# Finding a hobby and being less 'available'



## walkingwounded (May 7, 2011)

Ladies

I am working on developing my social life. I am hoping that as a side effect, it will improve my marriage. I think I am too 'available', and a lot of the work we have done after his EA is telling me he would like me to regain my confidence, be a little more independent, and get a hobby within the home.

I am doing great with being more confident, and assertive. I like it. This follows on into being more independent, I am getting more stuff done myself, and have started taking fitness classes which I am really enjoying.

As for the hobby? Well I'm a little stumped on this one. At the moment, by the time everything is done in the evening, I admittedly DO crash out on the sofa. My H will do some work in the garage, maybe play XBox for a bit, before joining me. I do like to read, but I'm looking for some ideas of what I could do.

I did want to start doing a zine, which is something I'm thinking about.
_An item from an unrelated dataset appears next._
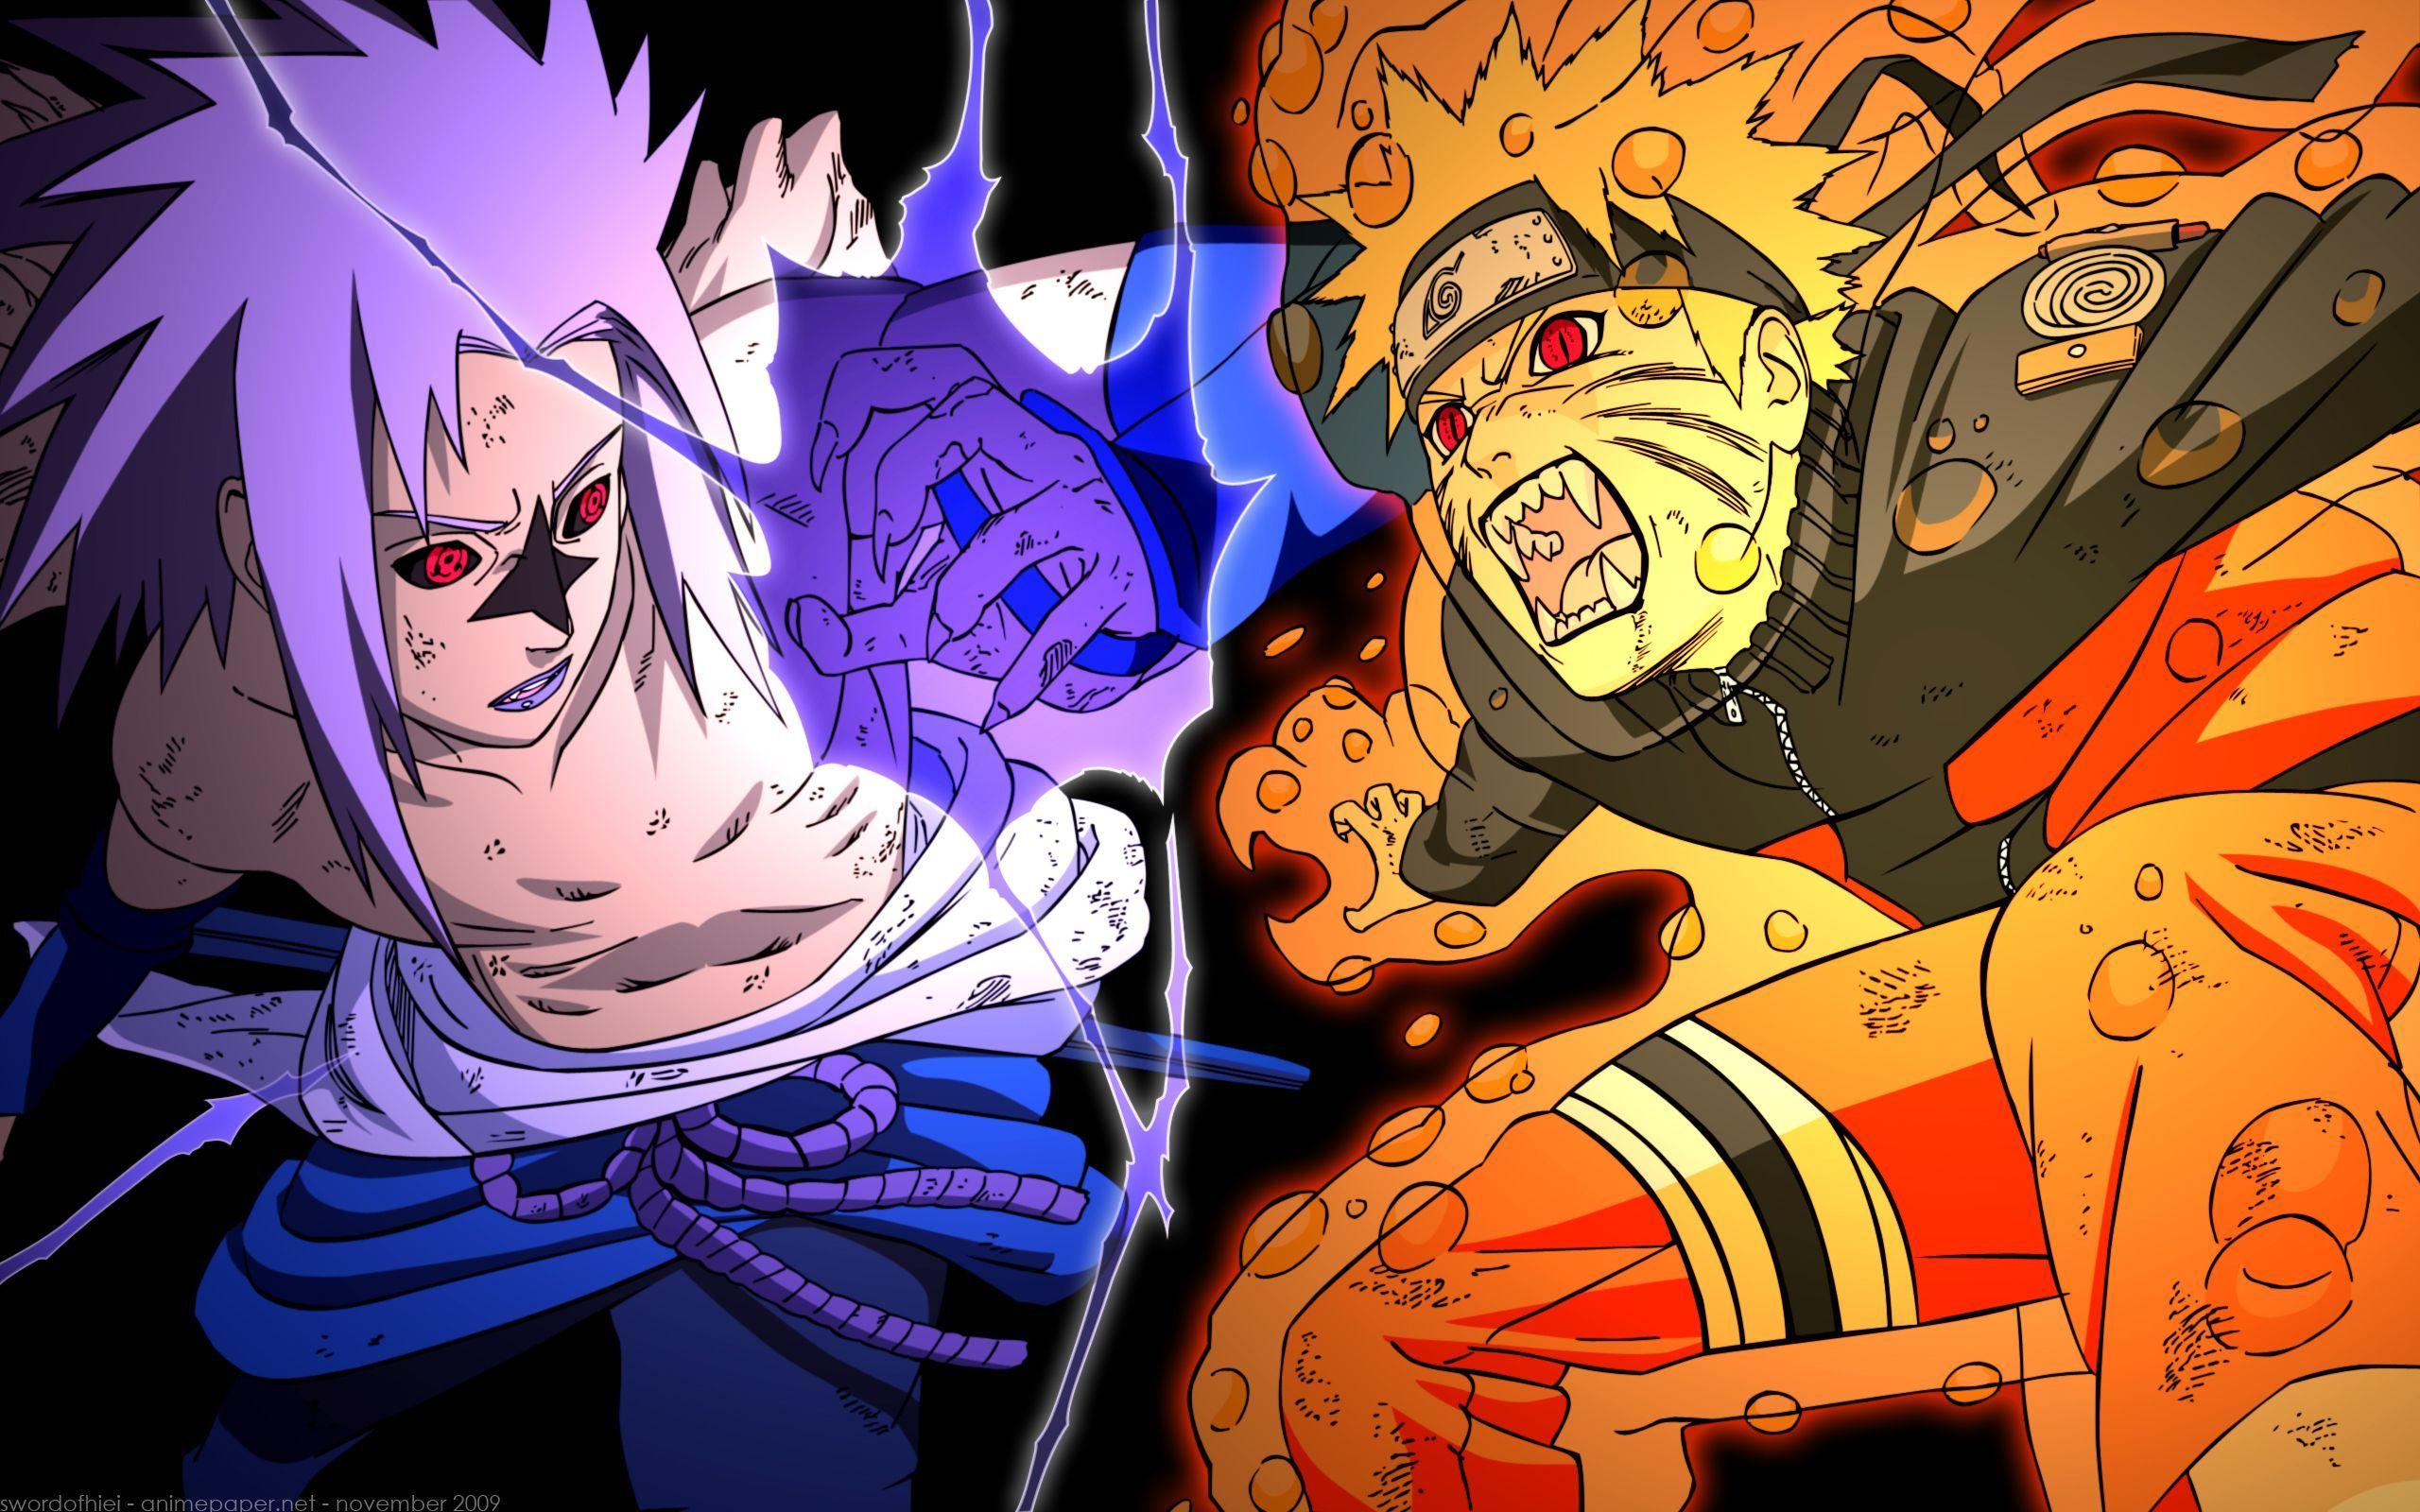 Uzumaki Naruto (Nine Tails mode) vs. Uchiha Sasuke (Curse Mark

I also thought about making some fantastic cupcakes, I do like baking and that'd be something I'd like to learn.

I'm not great with my hands by way of dresssmaking which is another thing I'd love to learn: was thinking I could learn the basics through an evening class at first then work on projects at home.

So... Any suggestions? What stuff do you ladies do? Plus are there any particular hobbies or interests that might pique H's interest as a bonus?


----------



## Homemaker_Numero_Uno (Jan 18, 2011)

Sweetie, to work on social skills and life, you need to get out of the house!
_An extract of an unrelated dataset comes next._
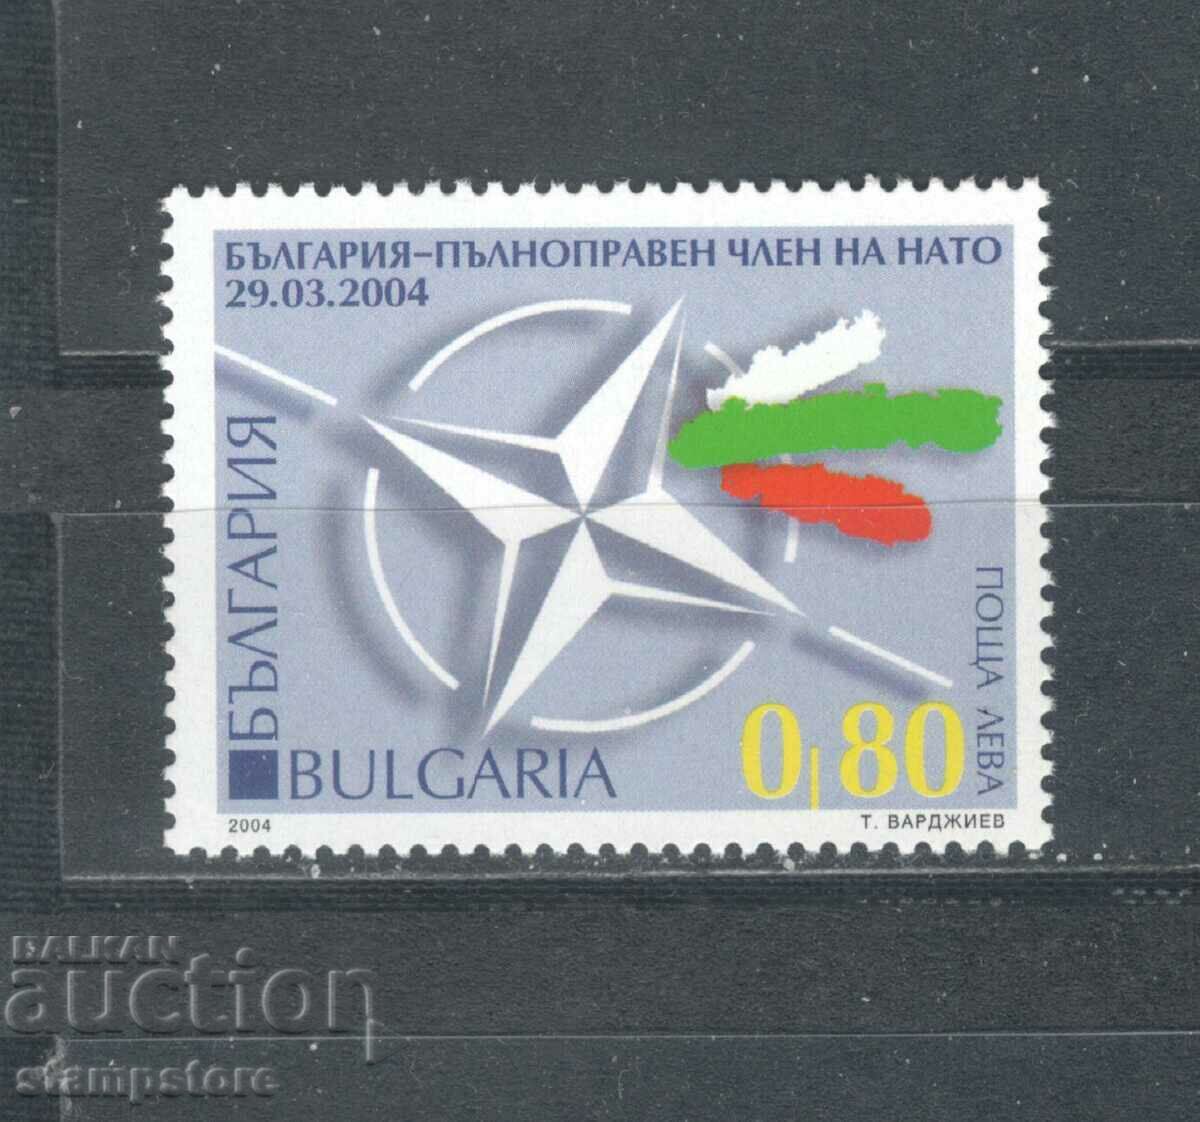 Bulgaria - membru cu drepturi depline al NATO

I volunteered at an independent movie theater, a Native American museum, and also took archery, indoor rock climbing (more social than outdoor rock climbing), and ballroom dance/social dance. I can't say enough for the dance. Once in a while I go to a book group, but it's once a month and requires a lot of solo reading. In the past I used to go to movie club, where we watched a movie and then had a discussion...there are also language meet-up groups I used to go to one for French, we met in either a pizza place or a pub setting (different than a bar/club). 

Get your butt out of the house. 
If you are particularly inclined towards sewing then go with that. But try to do your sewing at a place that has an open studio. It is worth the fee to be out in public space. 

The dancing will CERTAINLY pique your H's interest. There's nothing like seeing your spouse come alive on the dance floor in what is usually considered individual personal space. 

In my case, being treated properly by other people's husbands on the dance floor (also single guys) ... as well as being treated IMPROPERLY by men on the dance floor and in studio space, made me realize how abusive my relationship had become. I'm very grateful for the instructor/owner's husband who is very adept at making dance contact and sharing personal space and removing the threat/adrenaline/stress I feel at being in close proximity to a guy. 

Anyway, even if your marriage isn't so bad as mine was (I hope not!) dance will get his attention. In a healthy relationship it will be in a good way. I mean, it is just dance. But it's a bit more than that. Or he might be interested in seeing you rock climb or shoot arrows accurately at targets. 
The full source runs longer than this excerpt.